**What you should do:** Render every line of the data exactly as written, and leave out the pictures.

BEGIN Source data

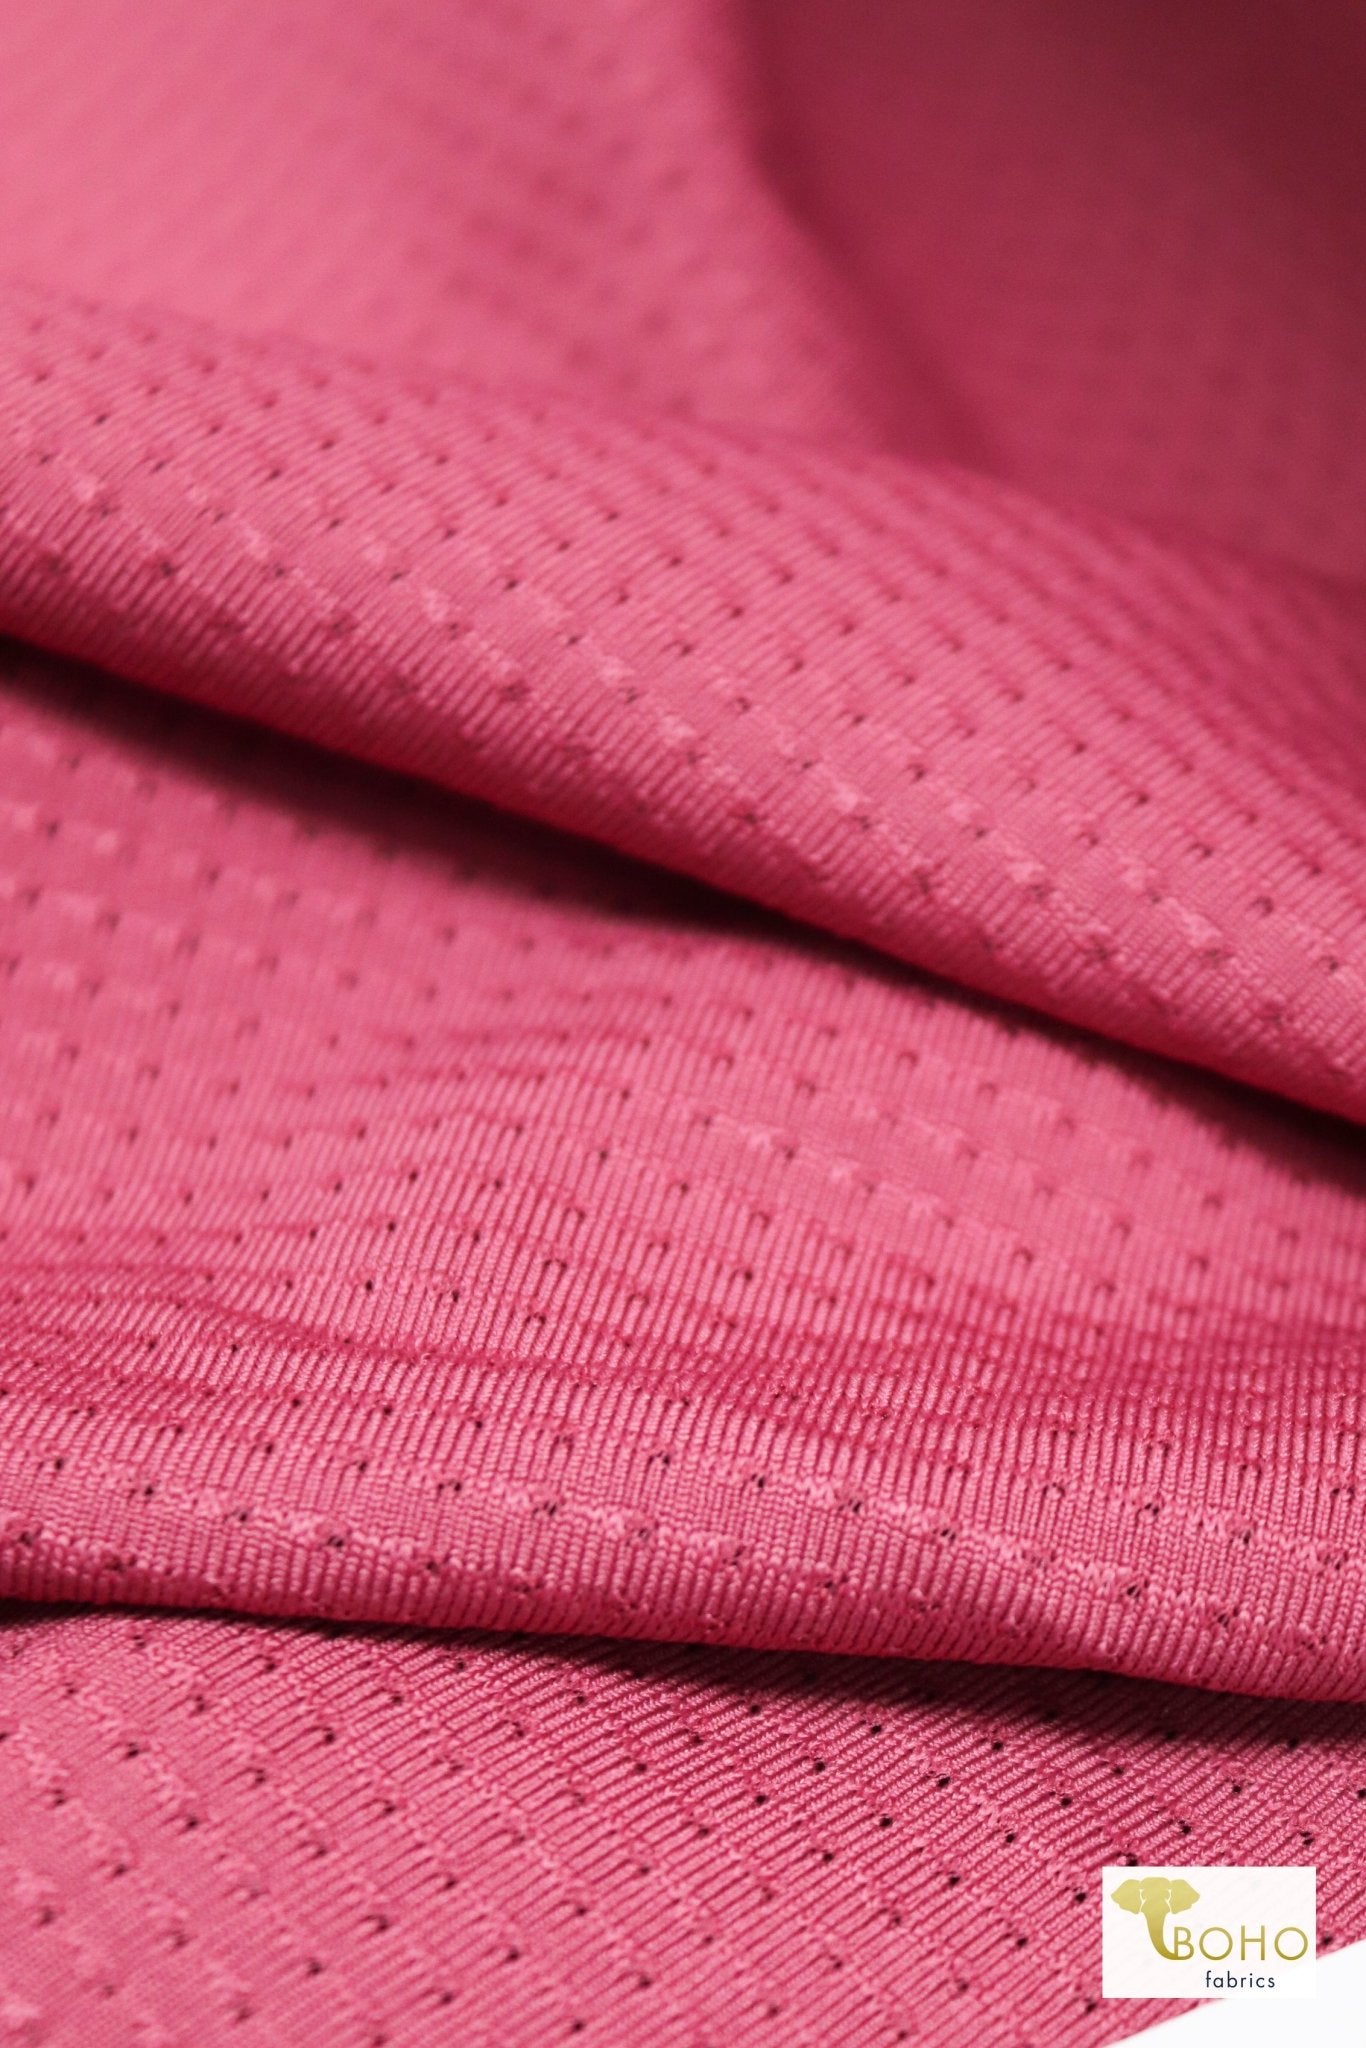 Rose Pink Laser Cut, Athletic Mesh - Boho Fabrics
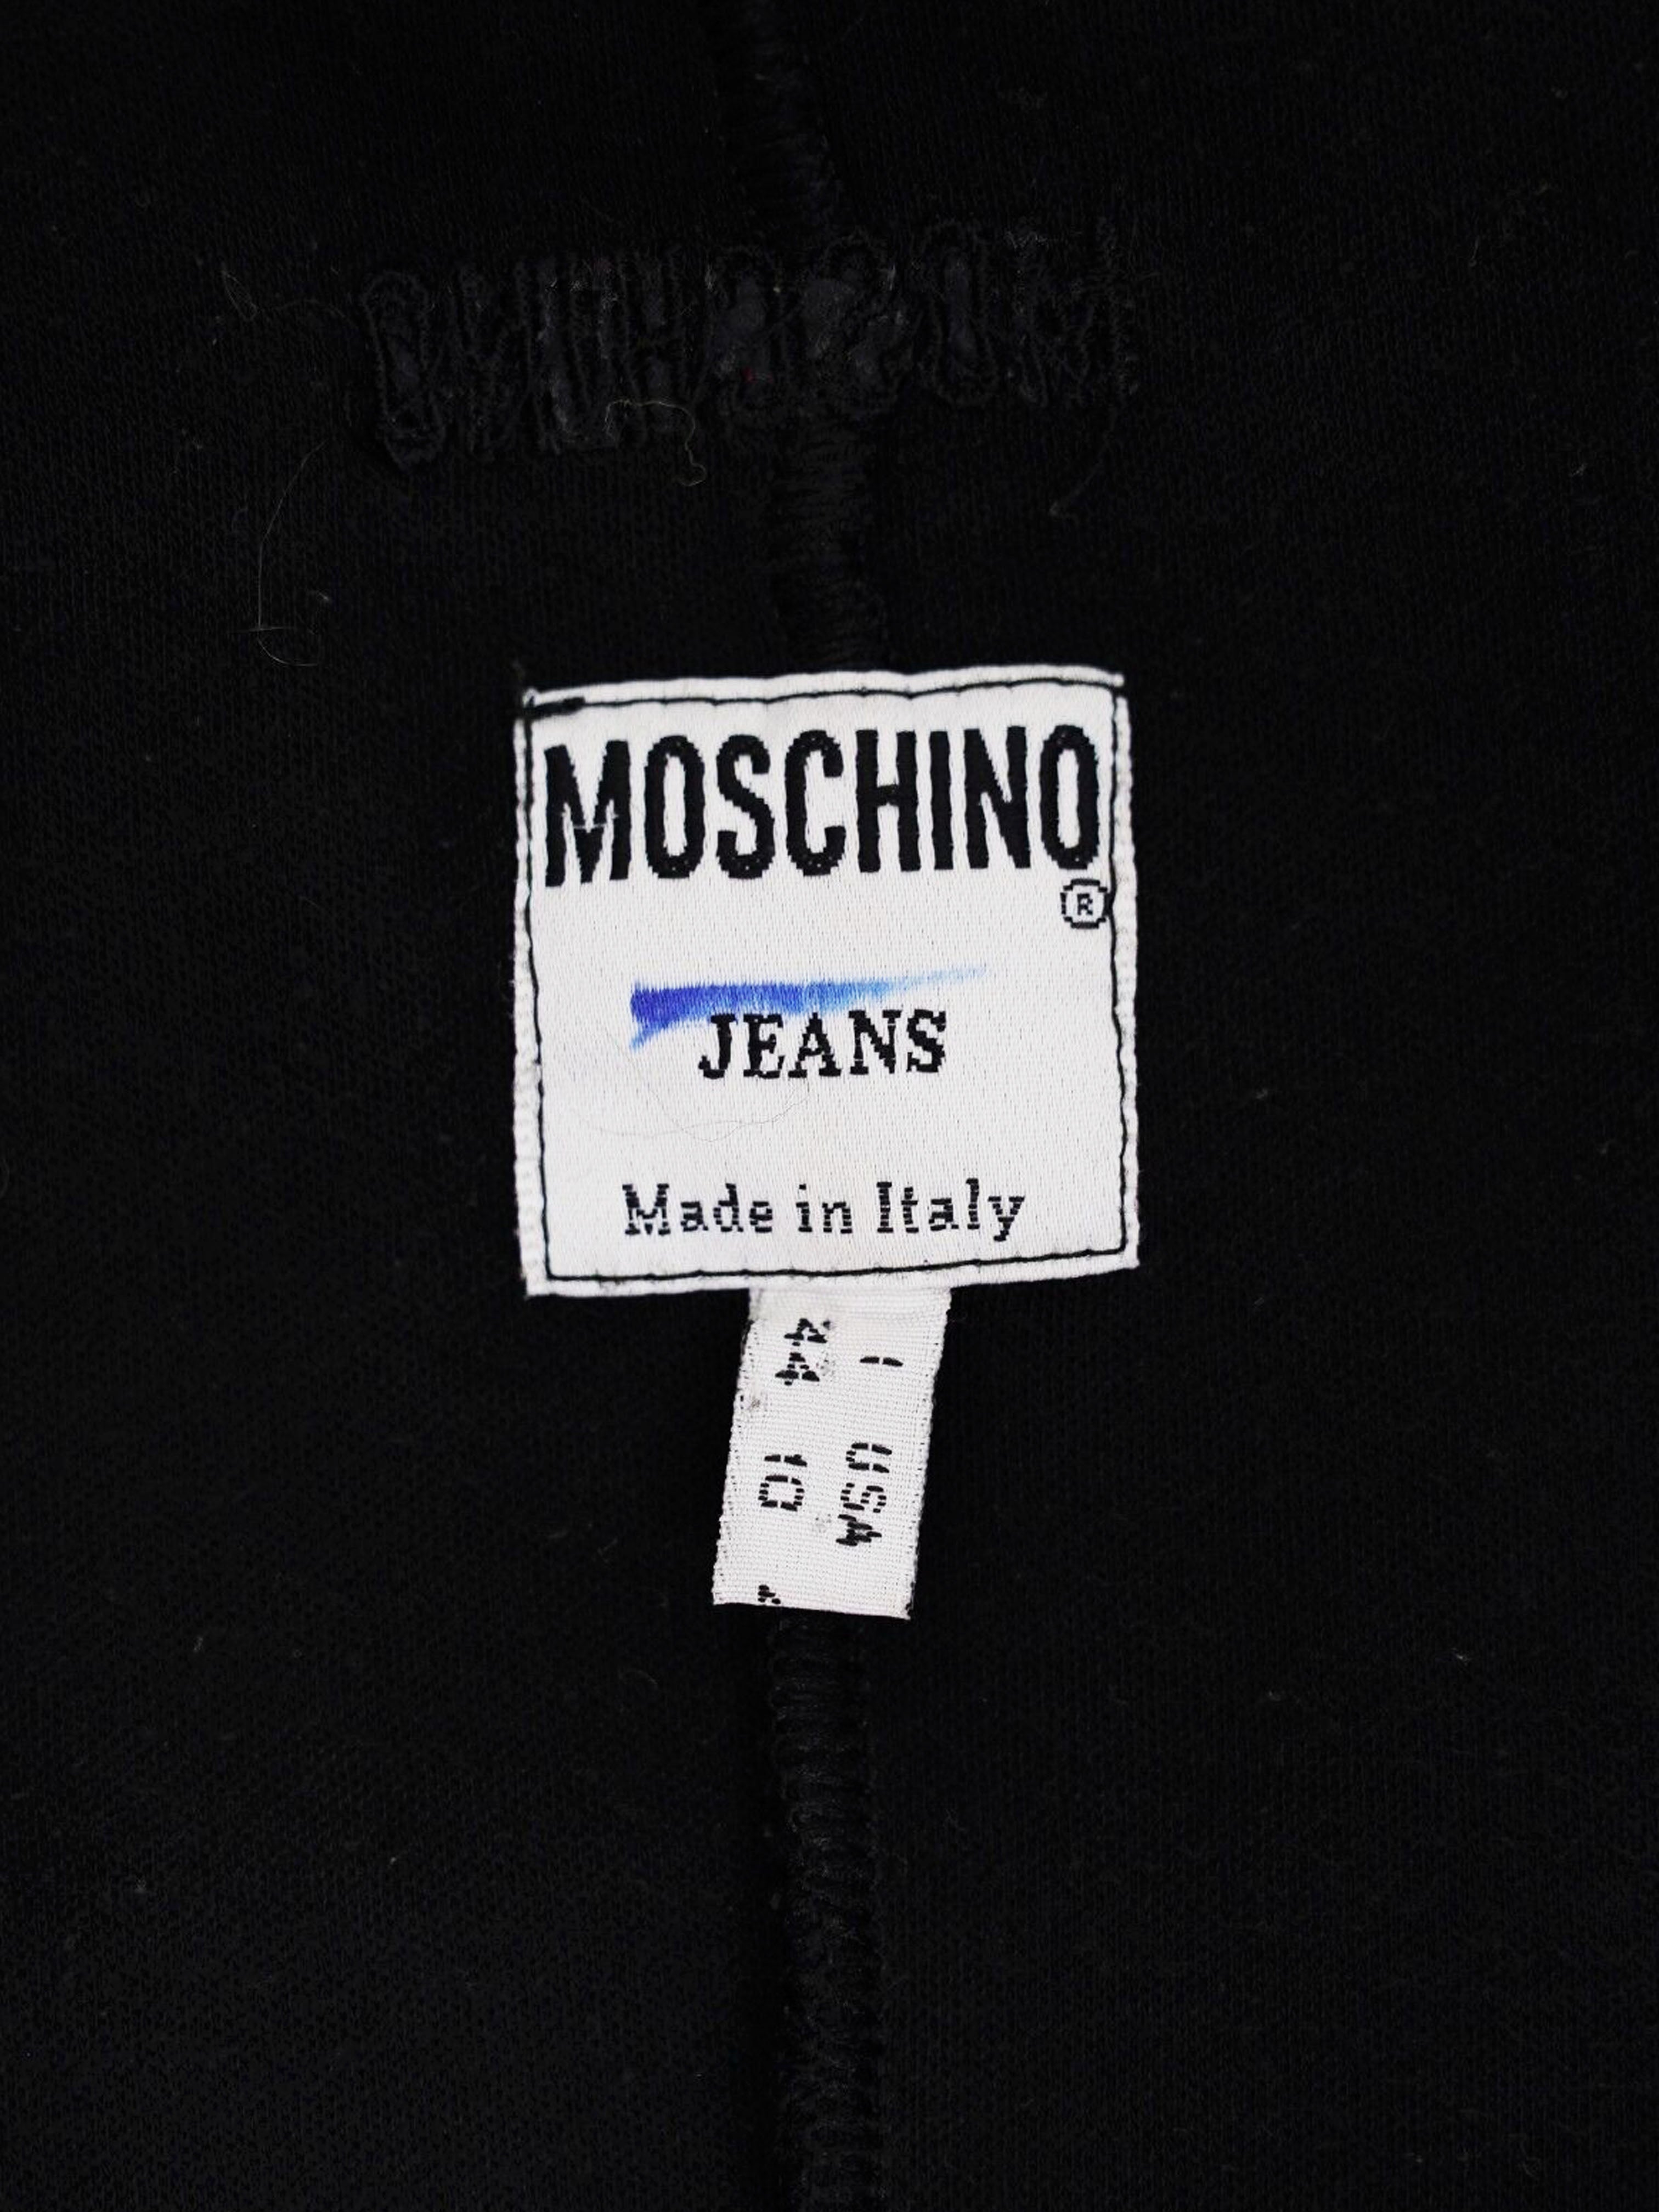 Moschino Jeans 1990s "The Nanny" Black and White Mini Dress
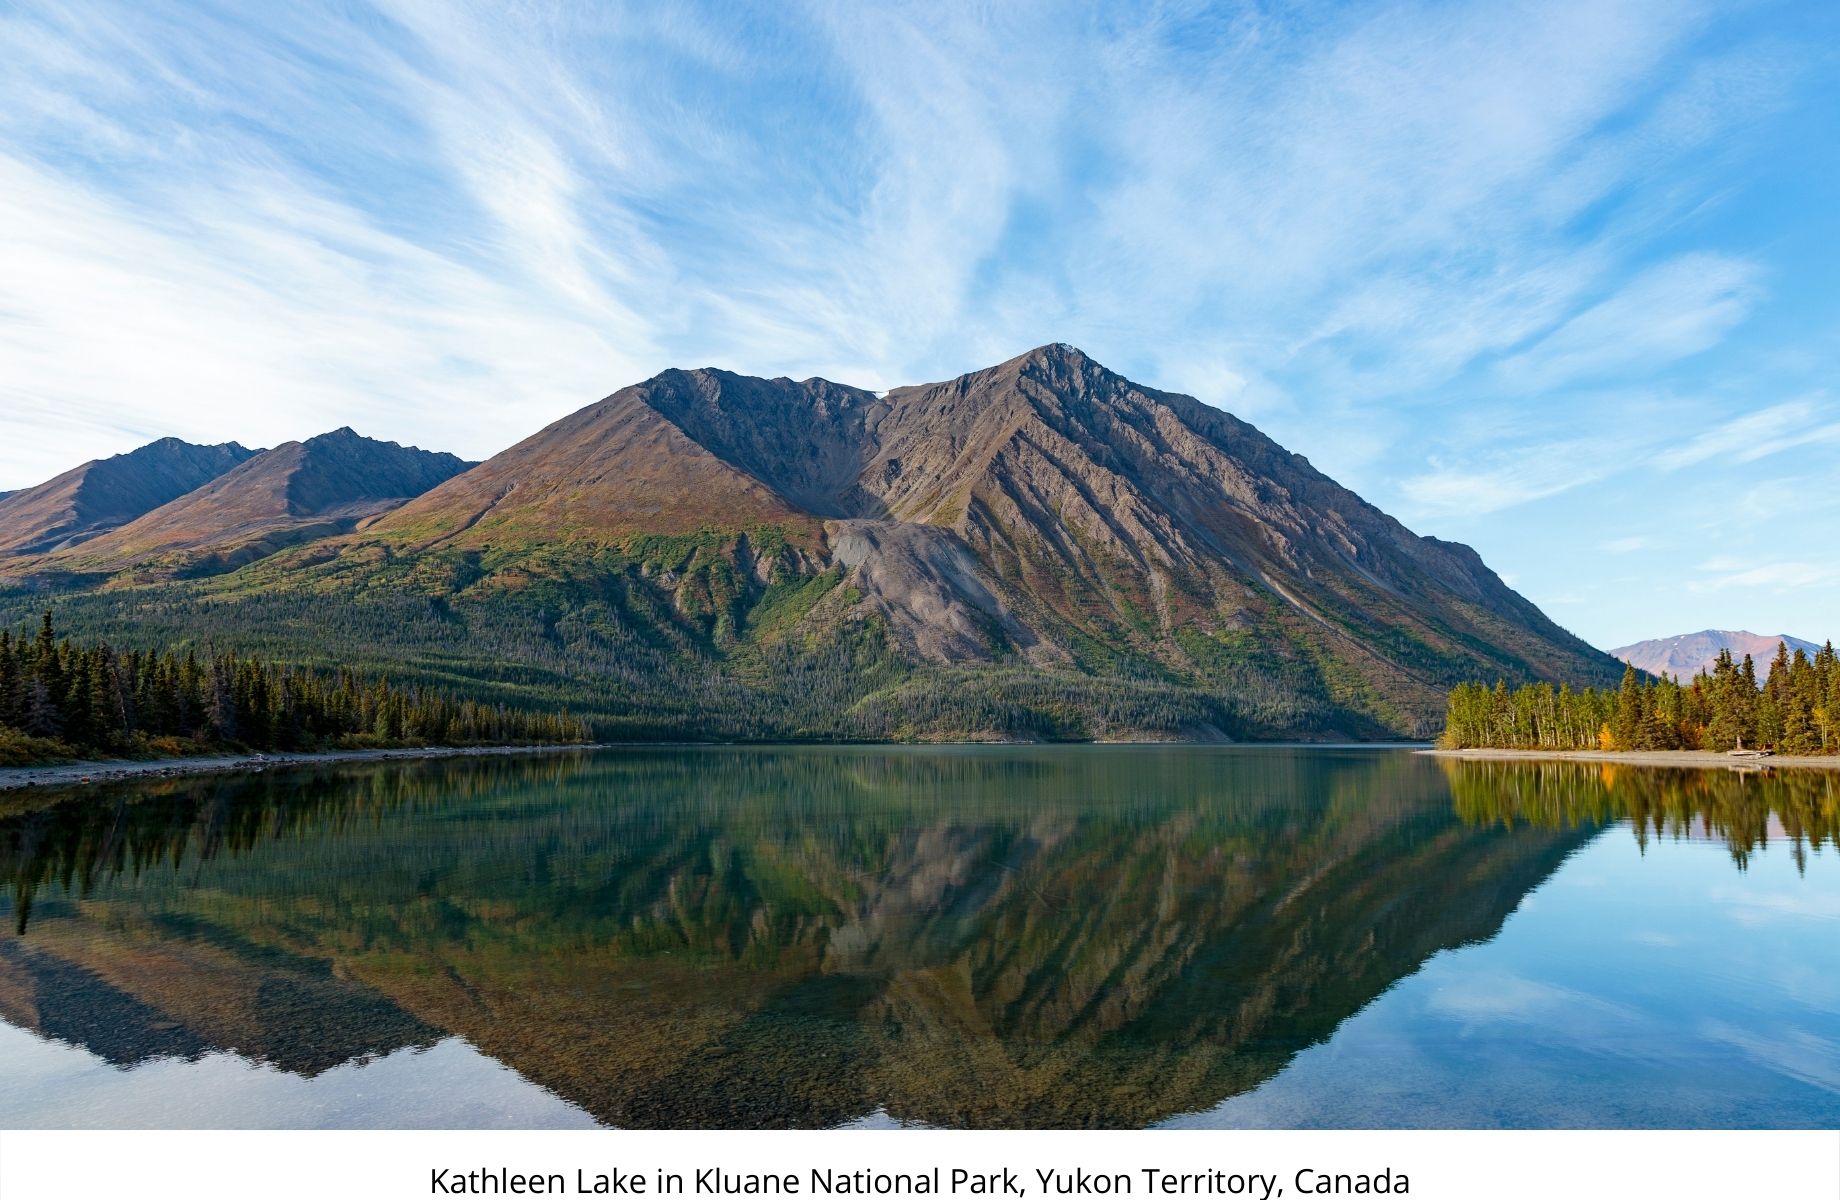 Kathleen Lake in Kluane National Park, Yukon Territory, Canada

END Source data

**Your response:**
 Rose Pink Laser Cut, Athletic Mesh - Boho Fabrics
 Moschino Jeans 1990s "The Nanny" Black and White Mini Dress
 Kathleen Lake in Kluane National Park, Yukon Territory, Canada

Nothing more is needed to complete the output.